9:29 pm on May 6, 2006 (gmt 0)

WebmasterWorld Senior Member 10+ Year Member



It's shared name-based hosting, so if that's how it's done I guess it can't hurt to give it a try.

Matt Cutts has said that Google treats a 410 the same as it treats a 404. So it wouldn't work with Google.

I know it's frustrating. Google hates to drop urls from their index, even urls they haven't crawled.


Google will index and save forever pages you've only thought of in your head and never even put online! :)

But it isn't Google on this. I've caught some problems with Yahoo with removed/redirected pages and directories (like there used to be with Inktomi), and I'd like to give whatever I can a shot to try to see what might be done to deal with that.

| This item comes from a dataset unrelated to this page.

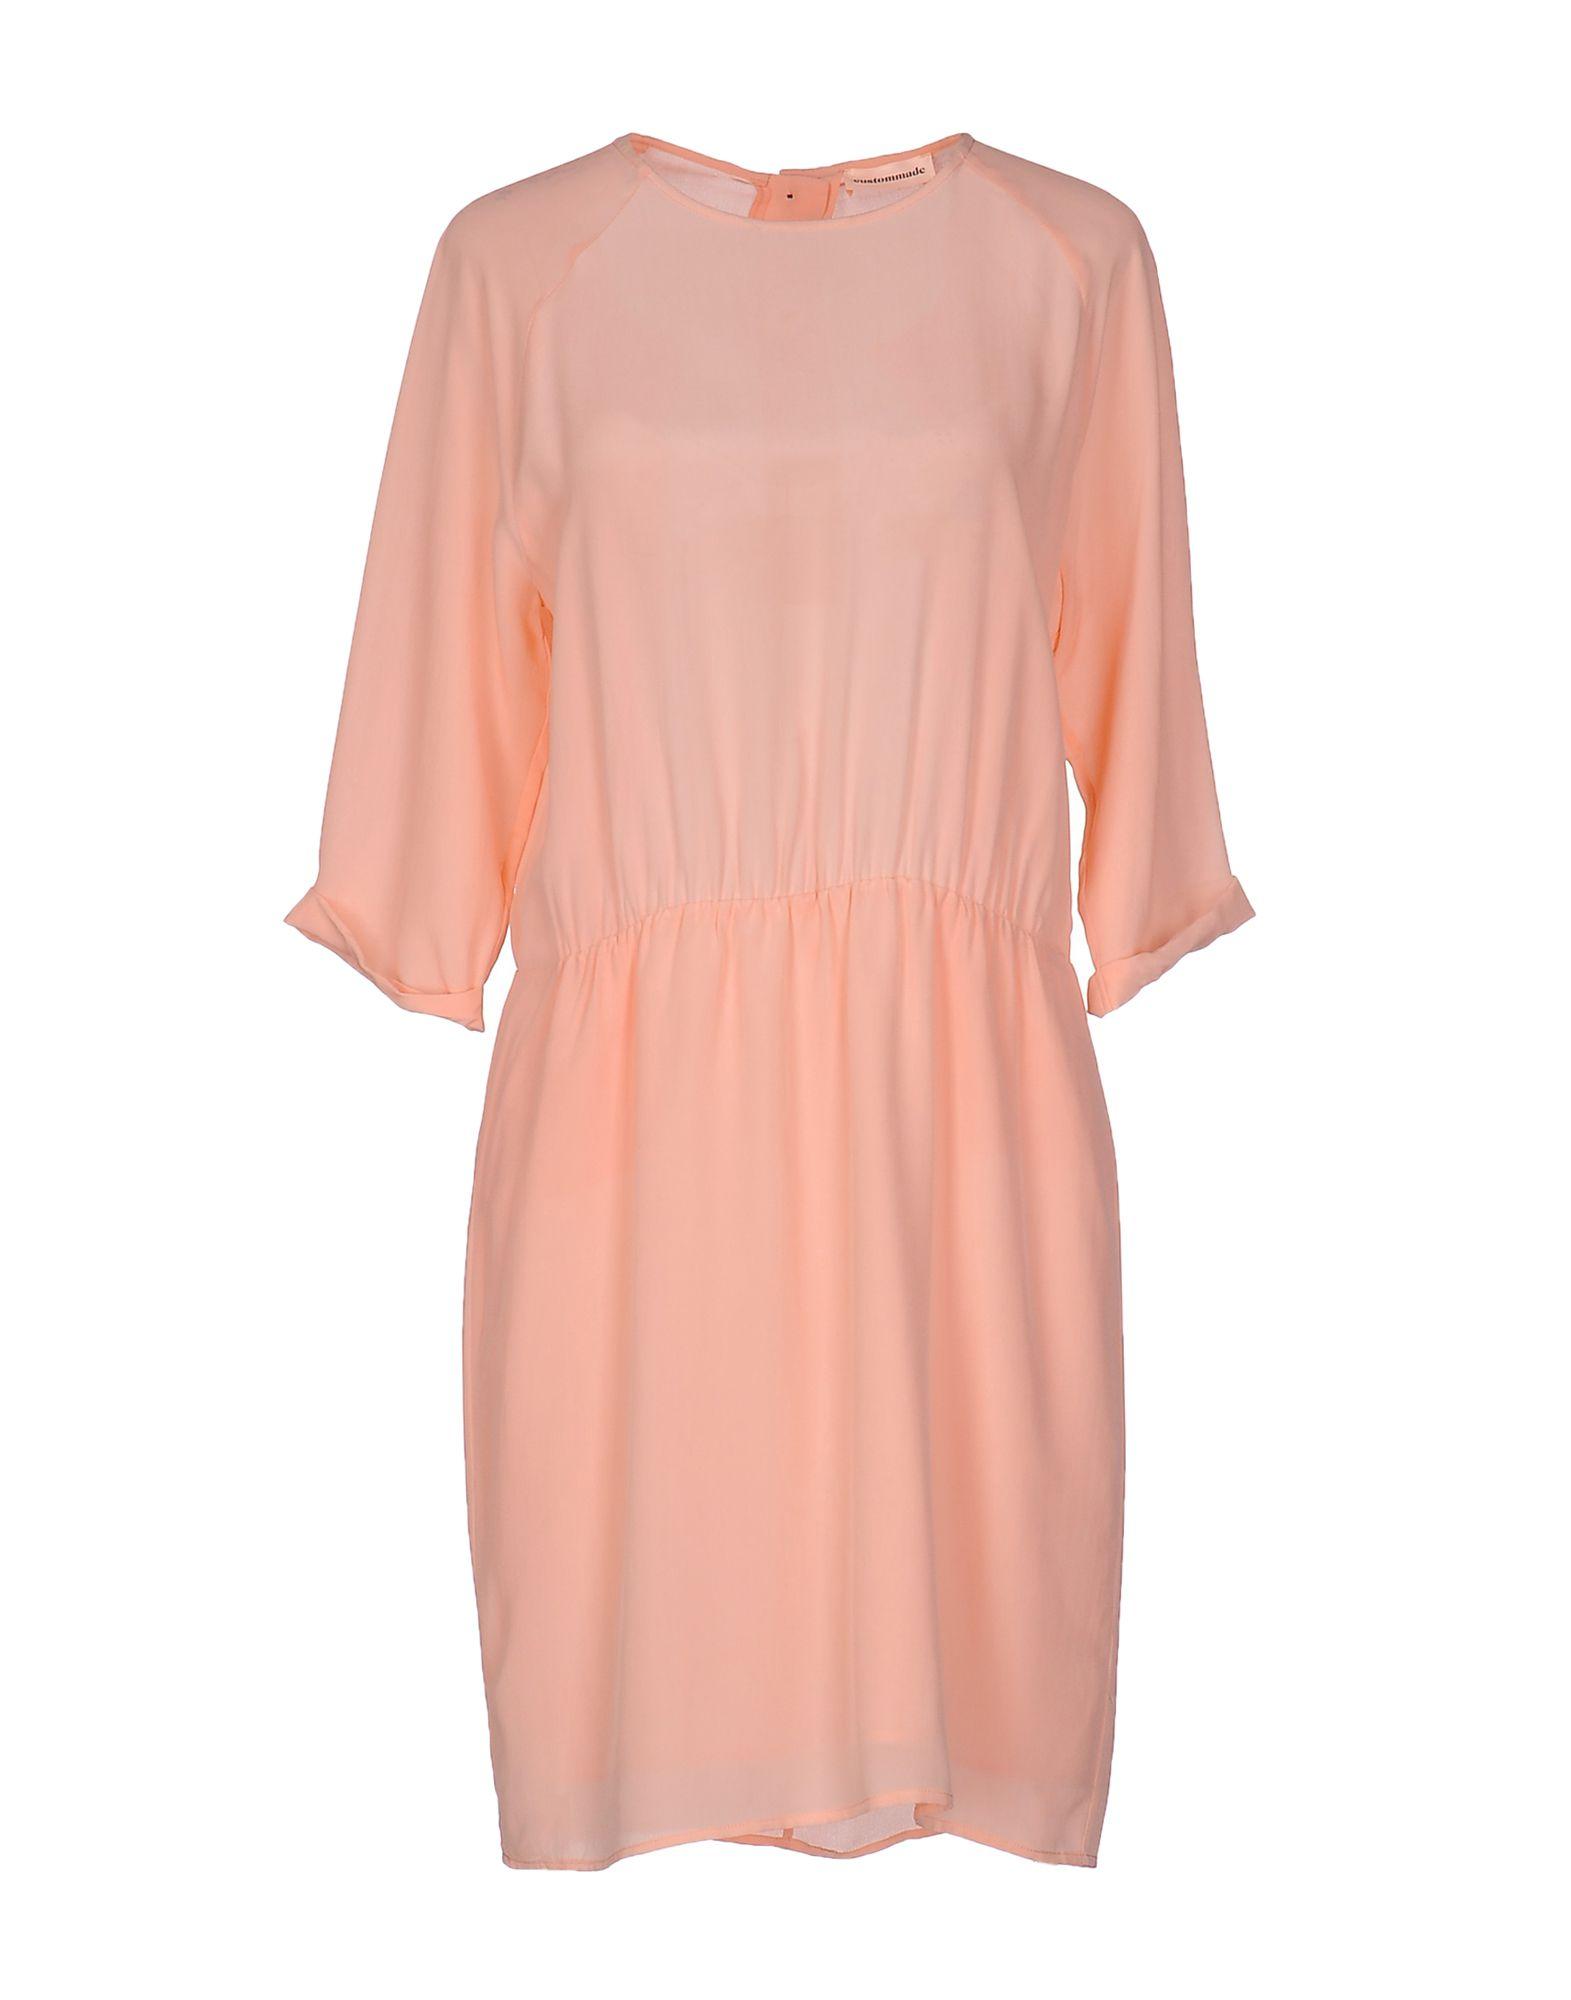 CUSTOMMADE Short Dresses in Light Pink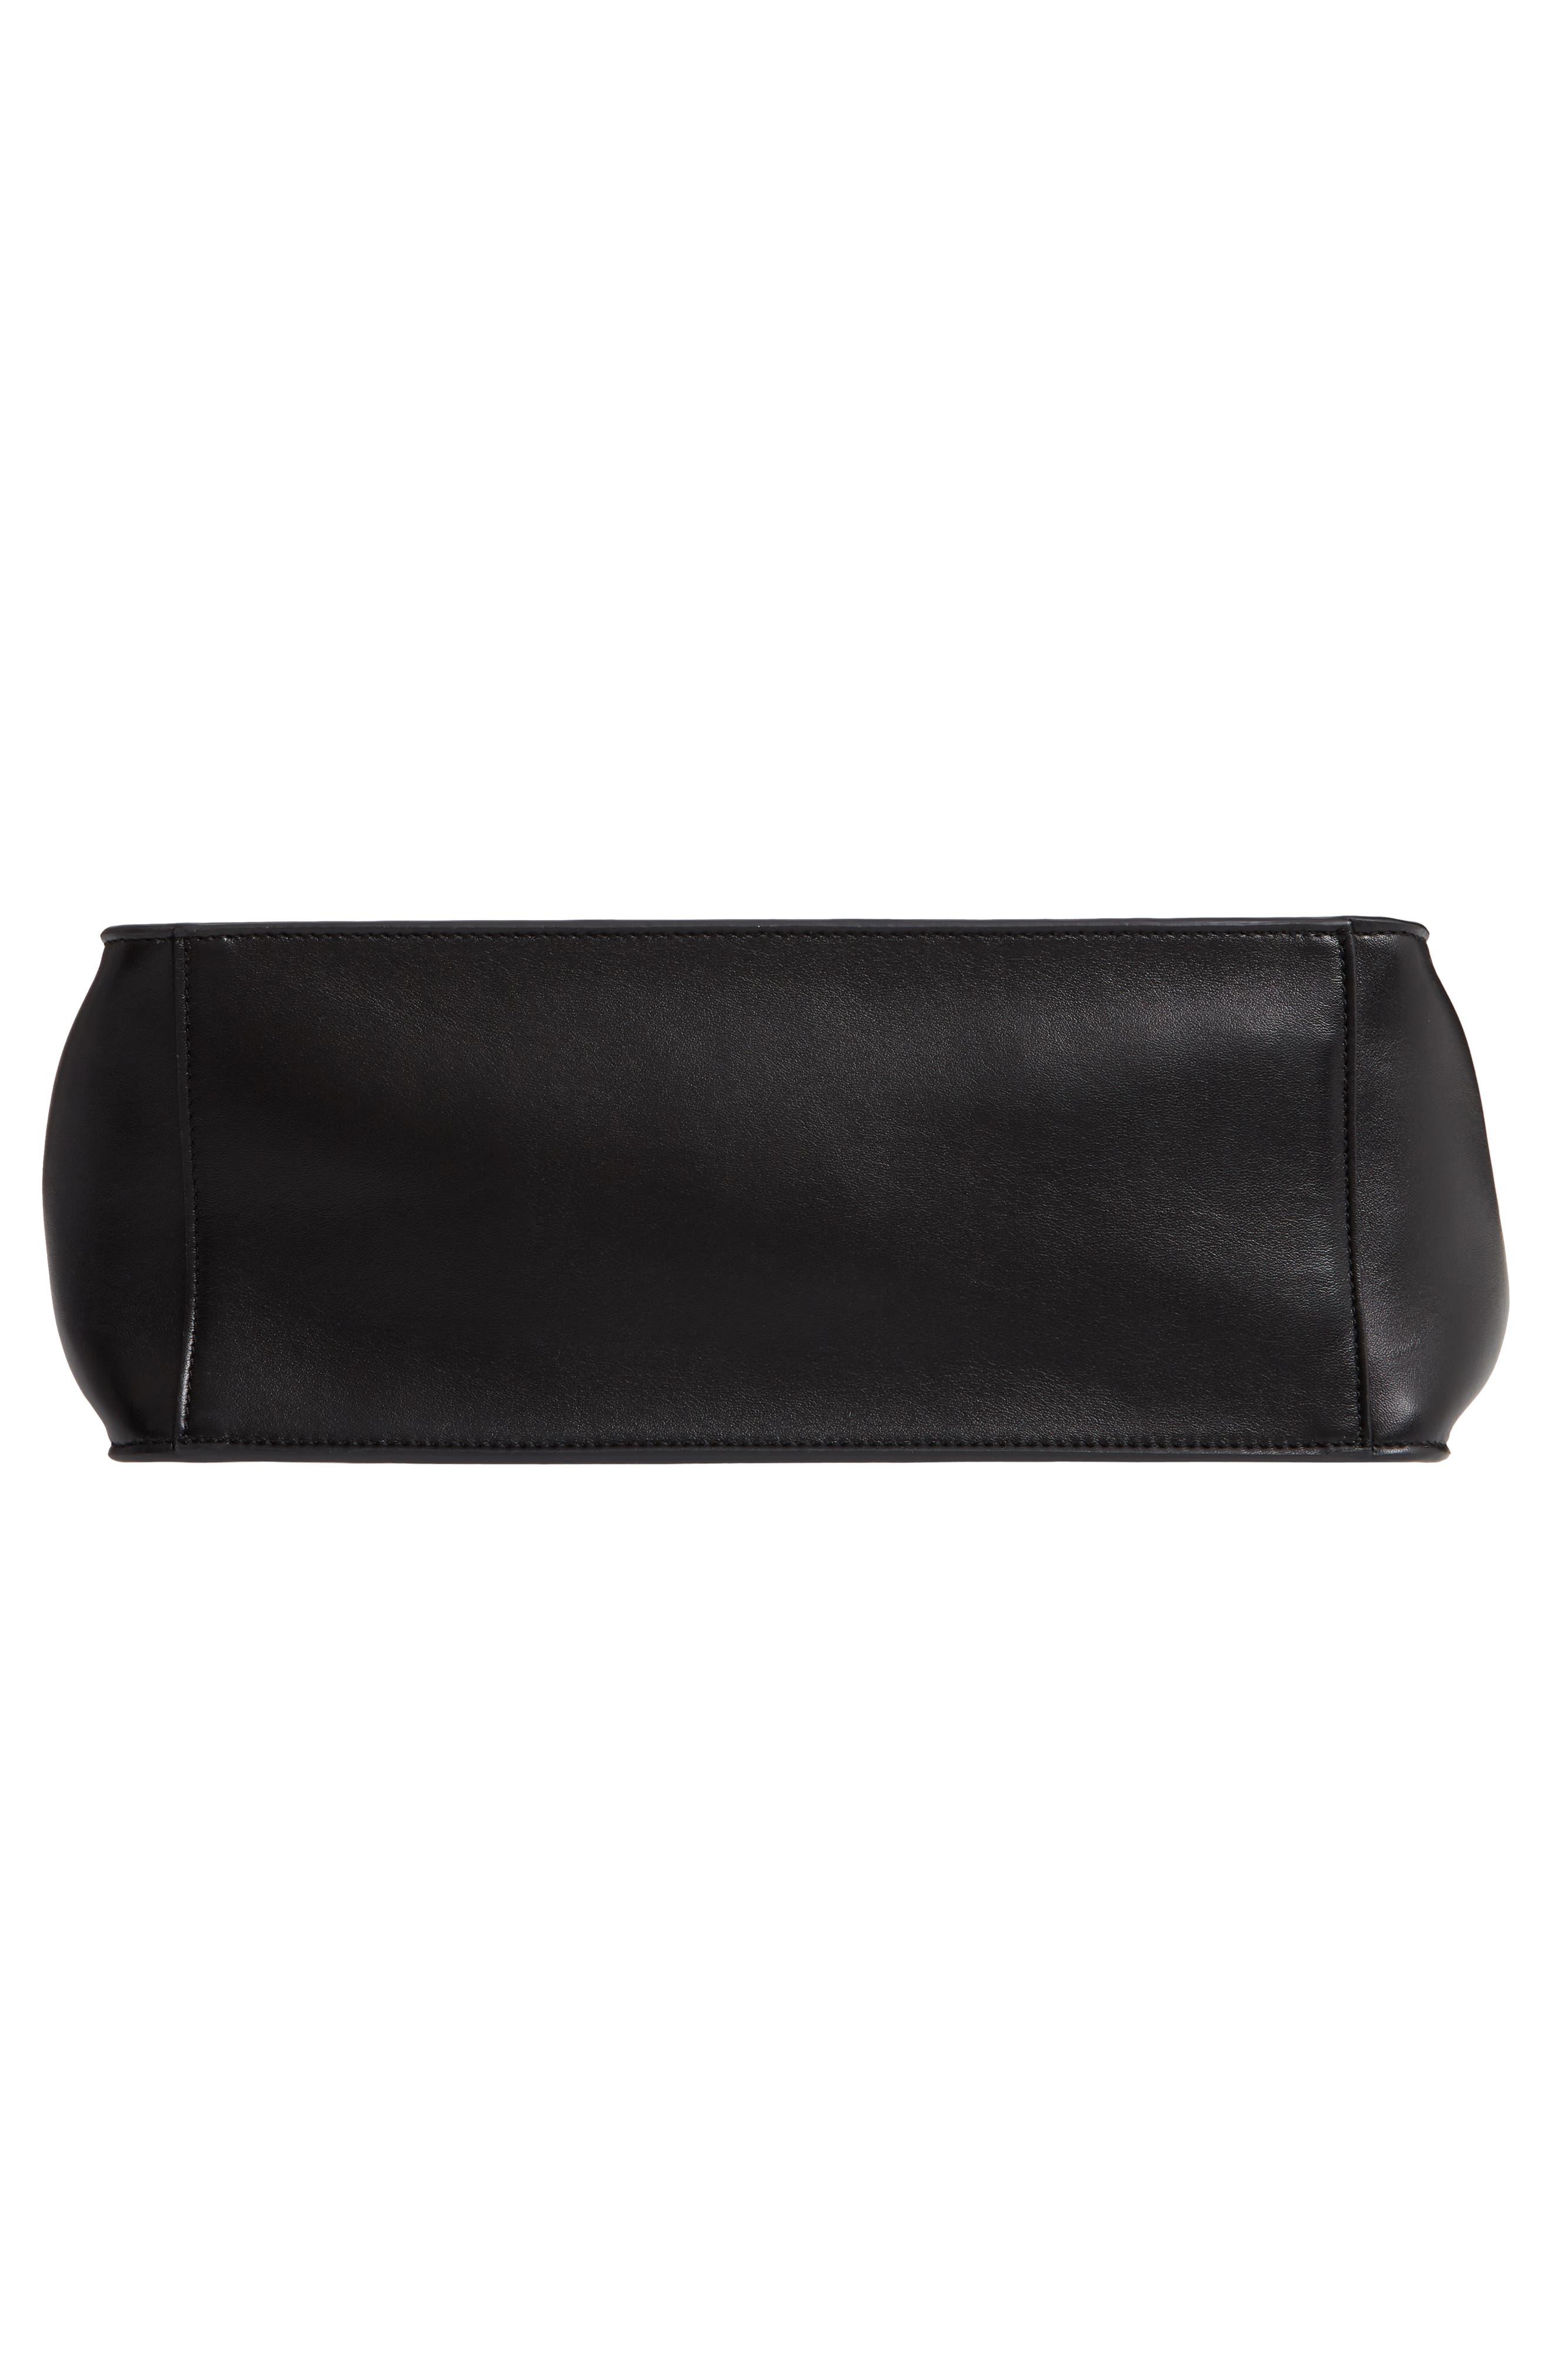 STELLA MCCARTNEY, Perforated Logo Faux Leather Satchel, Alternate thumbnail 6, color, BLACK

So I'll double-check the problematic Yahoo listings again and take it further from there.

Thanks!

kevinpate

5:28 pm on May 18, 2006 (gmt 0)

WebmasterWorld Senior Member 10+ Year Member



> I haven't seen compelling evidence that 410s
> are treated any differently from 404s yet

I'm in full agreement. I've been sending 410's out for many, many months on a number of gone forever items. The bots for G, Y, M, don't care. They just keep coming back time after time.